—Ya sé. La que me pisoteó, á ruegos míos. ¿Cómo han logrado averiguar?...

—Por lo visto, te espiaban. Te seguían los pasos. Esa noche fatal, tú entraste en la botica á que te pusiesen tafetanes, ó no sé qué. Dijiste que te habías caído. Luego te subiste á un coche, diste las señas de tu casa. El boticario las oyó. Todo se ha descubierto. ¡Qué idea! ¡Qué chiquillada!...

Bajando la voz:

—También ha declarado el barquero que os paseaba á tí y á Almonte por el lago... Dice...

—Cuanto diga, es cierto.

—¡Bigardo! ¿Y la bribona de Eladia... lo creerás? Esa sí que me consta que tomó cuartos... La he despedido, y si no me contengo, la harto de mojicones. Es que me han sacado de mis casillas. La muy bruja, que si tiraste y rompiste un magnífico reloj á propósito, que si la tratabas mal, que si esto, que si lo otro... Que toda la noche duraba en tu cuarto la luz encendida, que el baño era todo de esencias...

—Semejantes niñerías, Farnesio, no merecen que usted se enoje, ni que maltrate á nadie. Créame. Déjelos tranquilos. Allá mi tío... Peor para él.

—¡Y los médicos! ¡Deliciosos! En cuanto se pronunció la palabra «locura» les faltó tiempo para asegurar que ya lo habían ellos notado, y se lo callaban por prudencia.

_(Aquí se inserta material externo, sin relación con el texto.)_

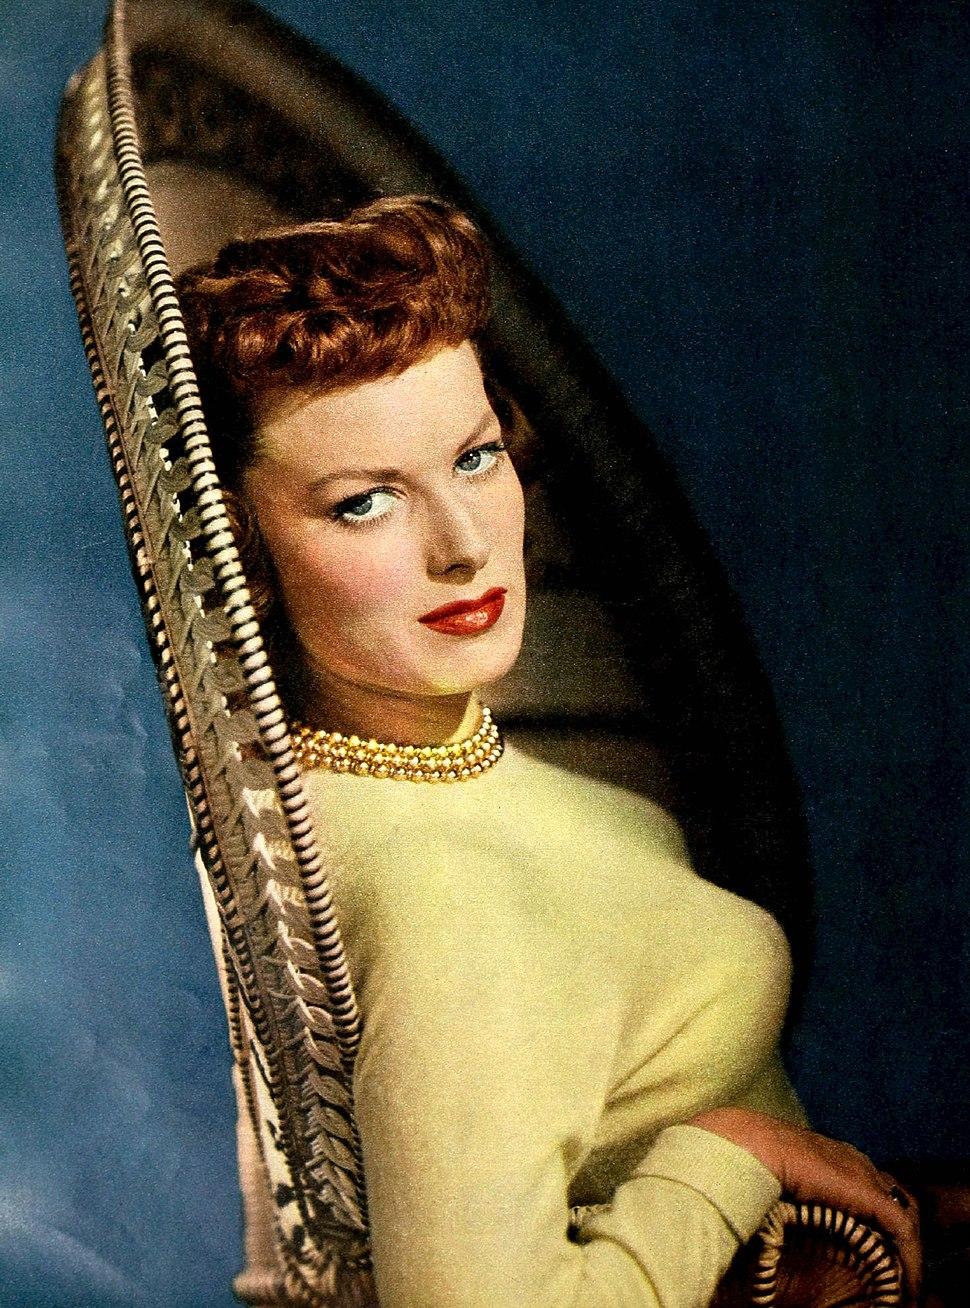 Maureen O'Hara 1950

Así, así, como lo oyes. La neurastenia aquí, la vesania allá. Sabe Dios de qué medios se ha valido el gitano...

—De ninguno. Los médicos están de buena fe. De la mejor fe. Son personas dignas, respetables. Yo comprendo su error, que, dentro de su concepto científico, no es error probablemente.

—Ahora, ¿sabes con lo que salen? Conque tus monomanías adquirieron últimamente forma religiosa, mística. Que te fuiste vestida como el pueblo, en tercera, á practicar penitencia en un convento de Carmelitas, en el desierto. Que viviste de hacer miel, y que adoptaste á una chiquilla paleta, muy fea, y otras mil rarezas, no atribuíbles sino al extravío de tu mente. Ya comprenderás que se refieren á la Torcuata... En fin, que han conseguido tejerte una malla espesa... Pero la desbarataré. No temas; la desbarato.